Tudo aquilo que surge no contexto da dualidade é uma espécie de violência, e os revolucionários que não conhecem a natureza da mente olham o mundo a partir de seus próprios egos. Ainda que possam ser egos bem intencionados, essa visão sempre é limitada. O ego é como um túnel, portanto a violência é inerente a ele. Então não há muita escapatória. Temos vários processos revolucionários que, uma vez sucedidos, ou seja, tiraram do poder aqueles grupos dominantes para estabelecer sua lógica - começam a se deteriorar por dentro: os amigos são mandados para longe, desaparecem de fotografias... Uma biografia das revoluções sem o capítulo “Traição” estará fundamentalmente incompleta.
É importante ter em mente que a violência é inerente ao mundo. Uma vez que se criou um mundo em uma mente e esse mundo é extrapolado desejosamente para “fora” - isto é, para o outro - a violência é inerente. Se esse fenômeno não é concebido e reconhecido pelo sistema, qualquer sistema, então isso implica naturalmente na falência da visão do sistema, ou seja, aquilo prevalece por algum tempo e erode. Nenhuma visão permanece porque nenhuma visão é completa, então toda visão é inerentemente violenta - mas atenção, malucos do relativismo, isso não significa que todas as visões são iguais na intensidade da violência. Existe um espectro e, em alguns casos, algumas visões são melhores que outras. E mesmo assim, todas as visões, mesmo as mais sublimes, são inerentemente violentas.
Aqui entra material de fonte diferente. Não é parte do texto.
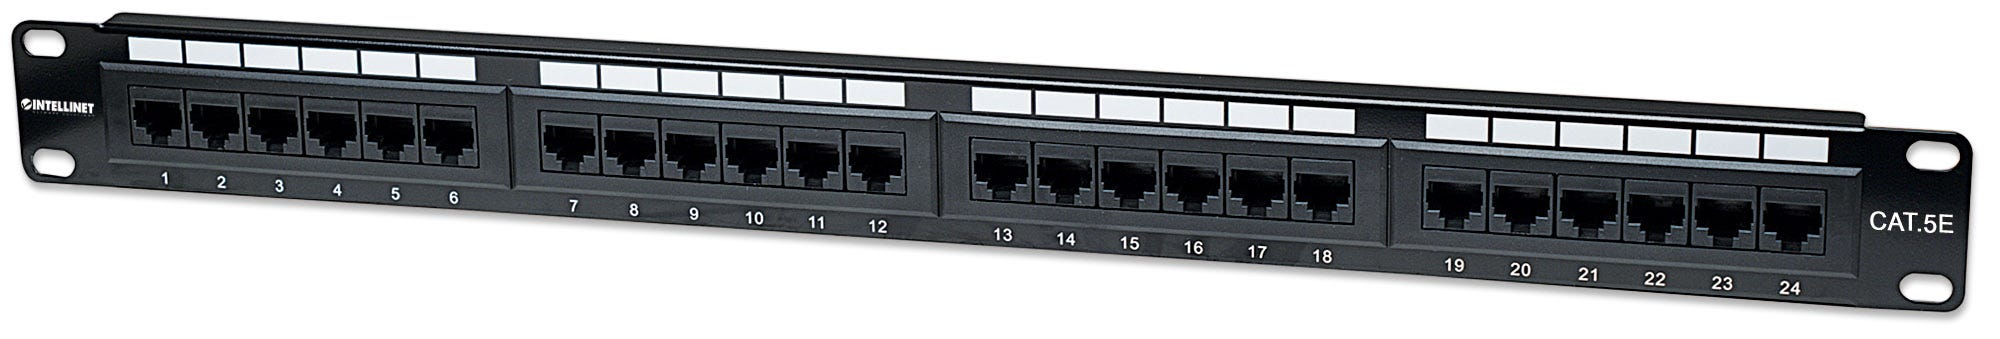 Panel Parcheo Intellinet Cat-5E, 24 Ptos 1 Niv. Rack (513555)
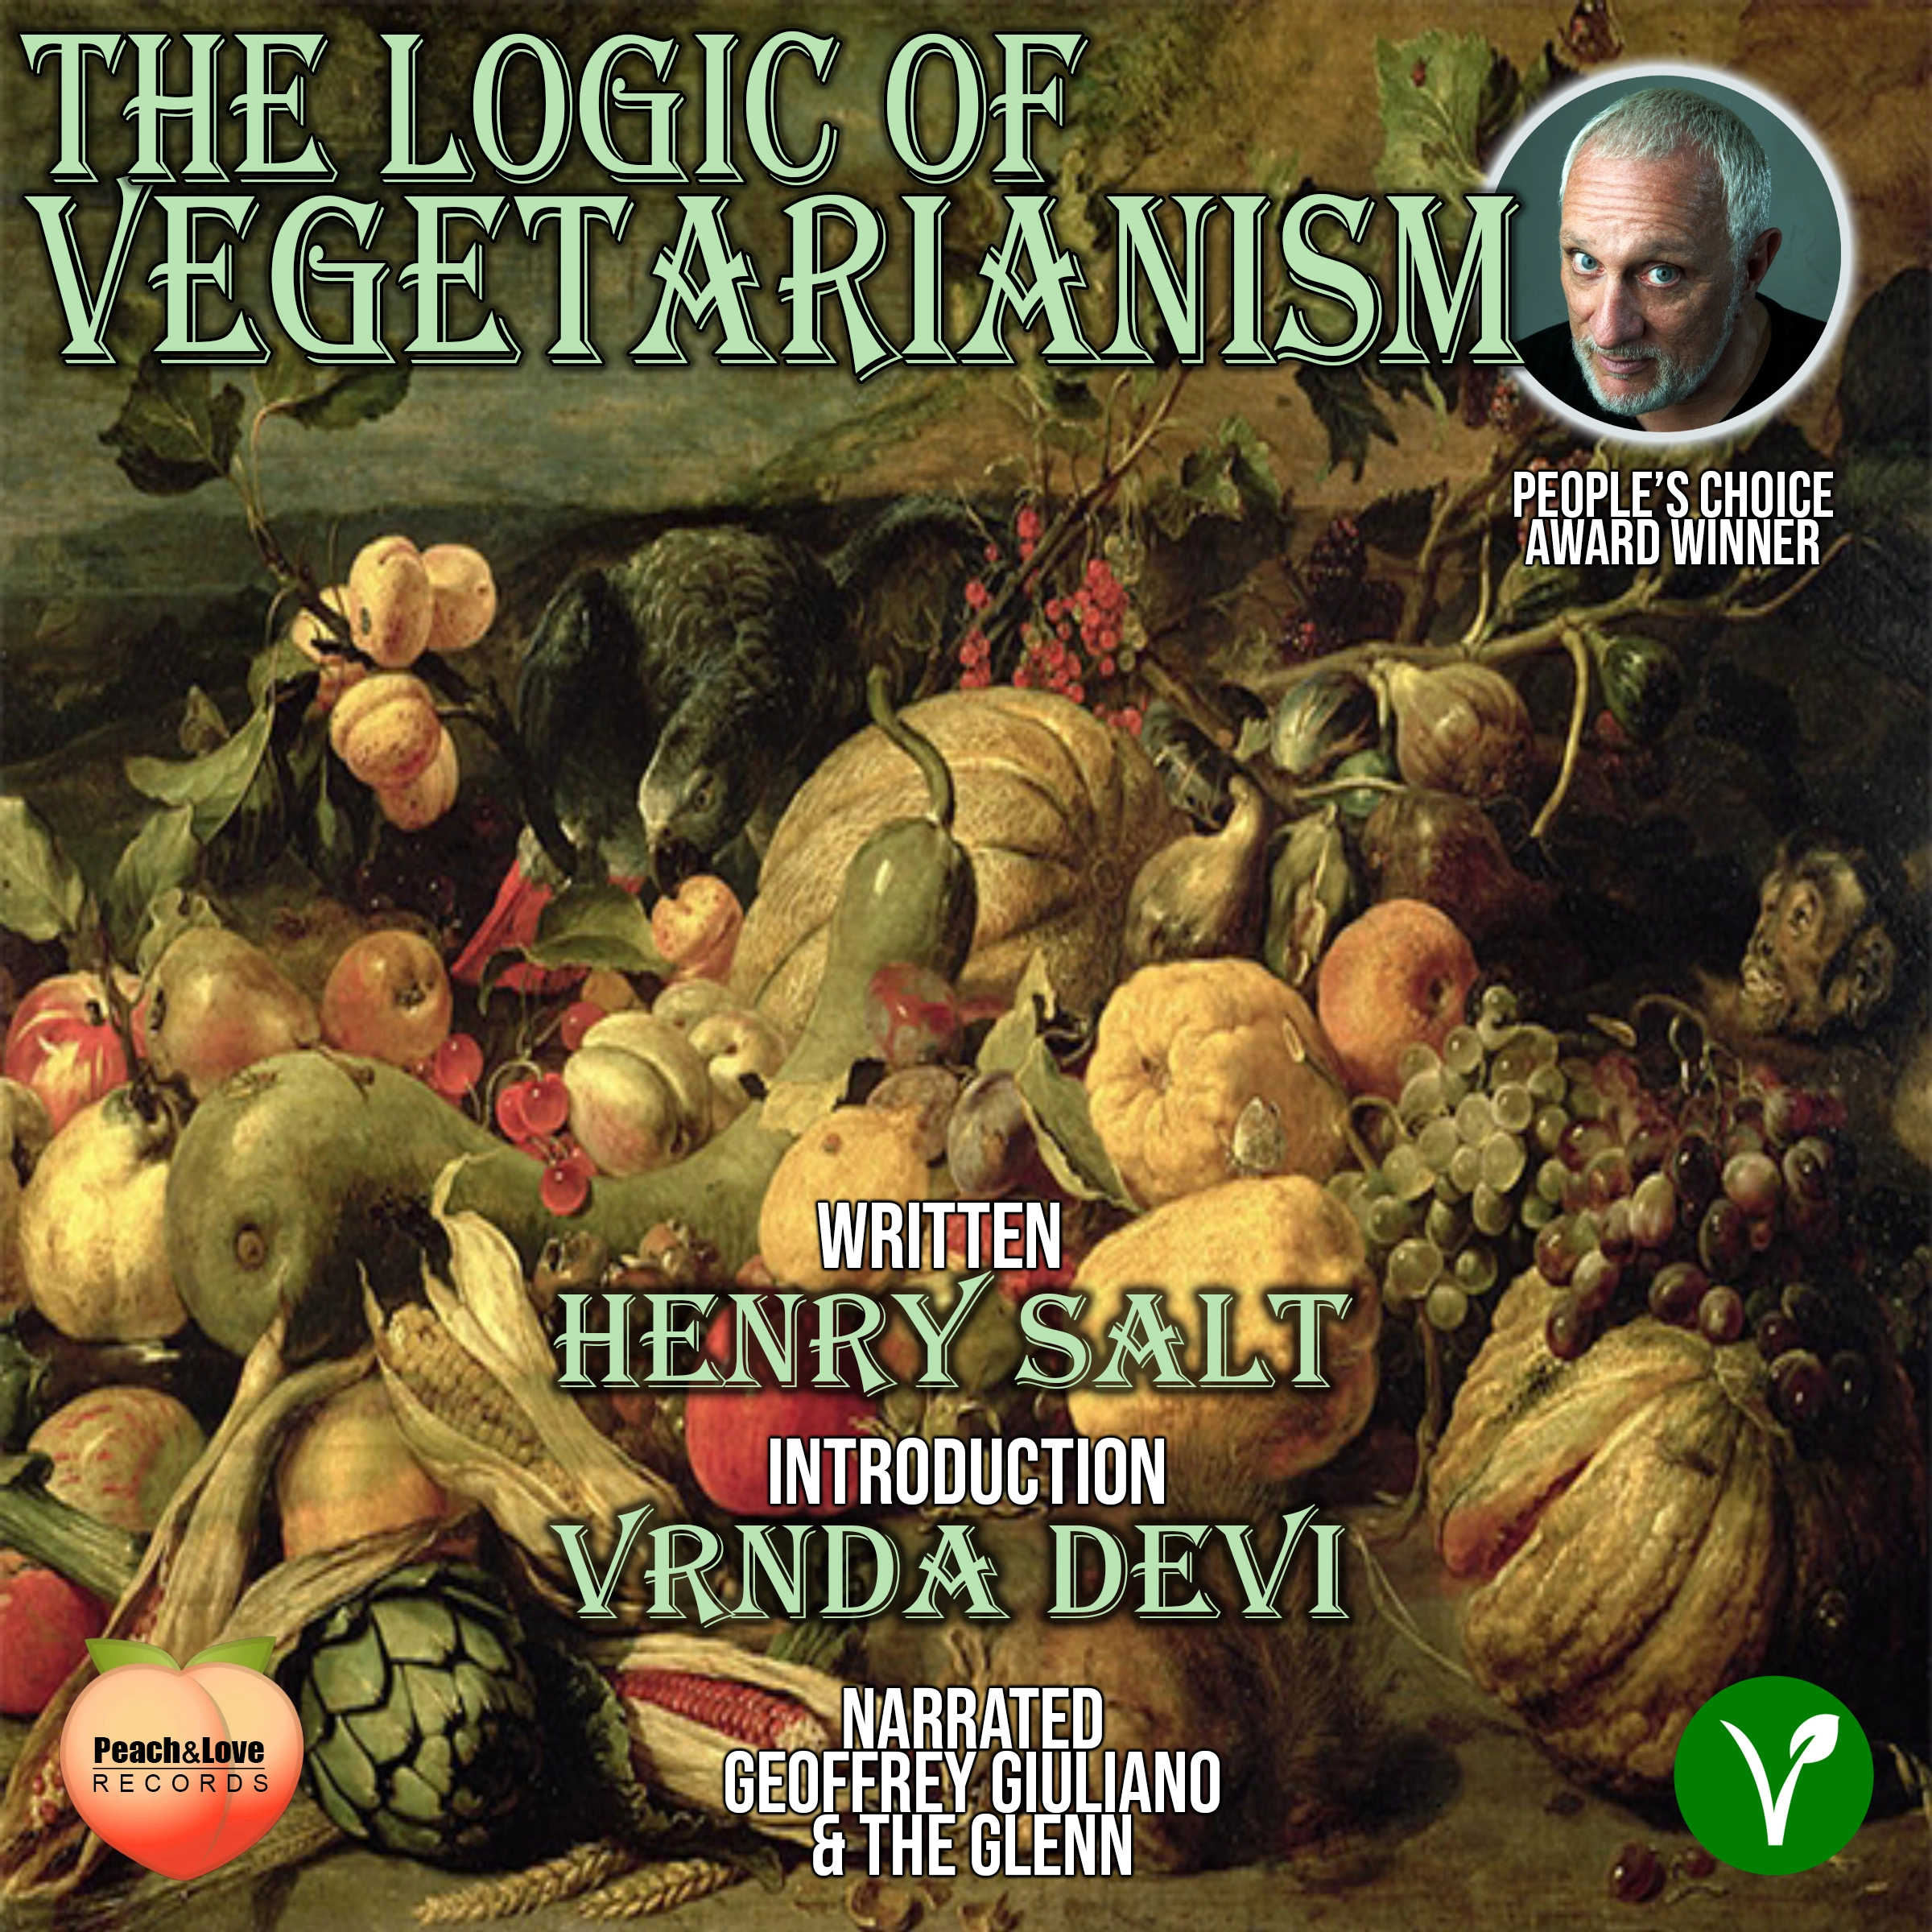 The Logic Of Vegetarianism by Henry Salt Audiobook

Um modo de falar sobre isso é trazer aquele mote de que “os fins justificam os meios”. Então temos essa visão (“idealismo”) de um reino de mil anos onde as pessoas estão todas assim ou assado. Mas a realidade transcende as visões, ela insiste em contradizer e romper com as visões. E as visões, mesmo as mais gloriosas, são insuficientes para deter aquilo que é não-visão. Então, o que as visões fazem? “Os fins justificam os meios”. E o que é isso? Código para a violência. Então, aquelas pessoas que ao menos questionam, por exemplo, contradições, vícios, limitações do sistema são vistas como pessoas ingratas - aí se manifesta essa violência inerente que é a subscrição fundamentalista a visões. Qualquer fixação a qualquer visão, por mais sublime que ela pretensamente seja, necessariamente provoca algum índice de violência.
Um último parágrafo para os malucos do relativismo. É um erro pensar que esse texto coloca todas as visões no mesmo cesto. Isso é de um simplismo profundo ou de uma desonestidade em relação à própria experiência. Se você está com um dente que precisa fazer um canal, você não busca a visão da tecnologia da informação. Você busca a visão da odontologia. Ninguém também nunca fez uma fritada de ovos substituindo os ovos por tiras de pneu. Na experiência algumas visões são mais apropriadas do que outras. E mesmo assim a subscrição a essas visões como extremos ou explicações todo-abrangentes é inerentemente violência. Lidem com isso.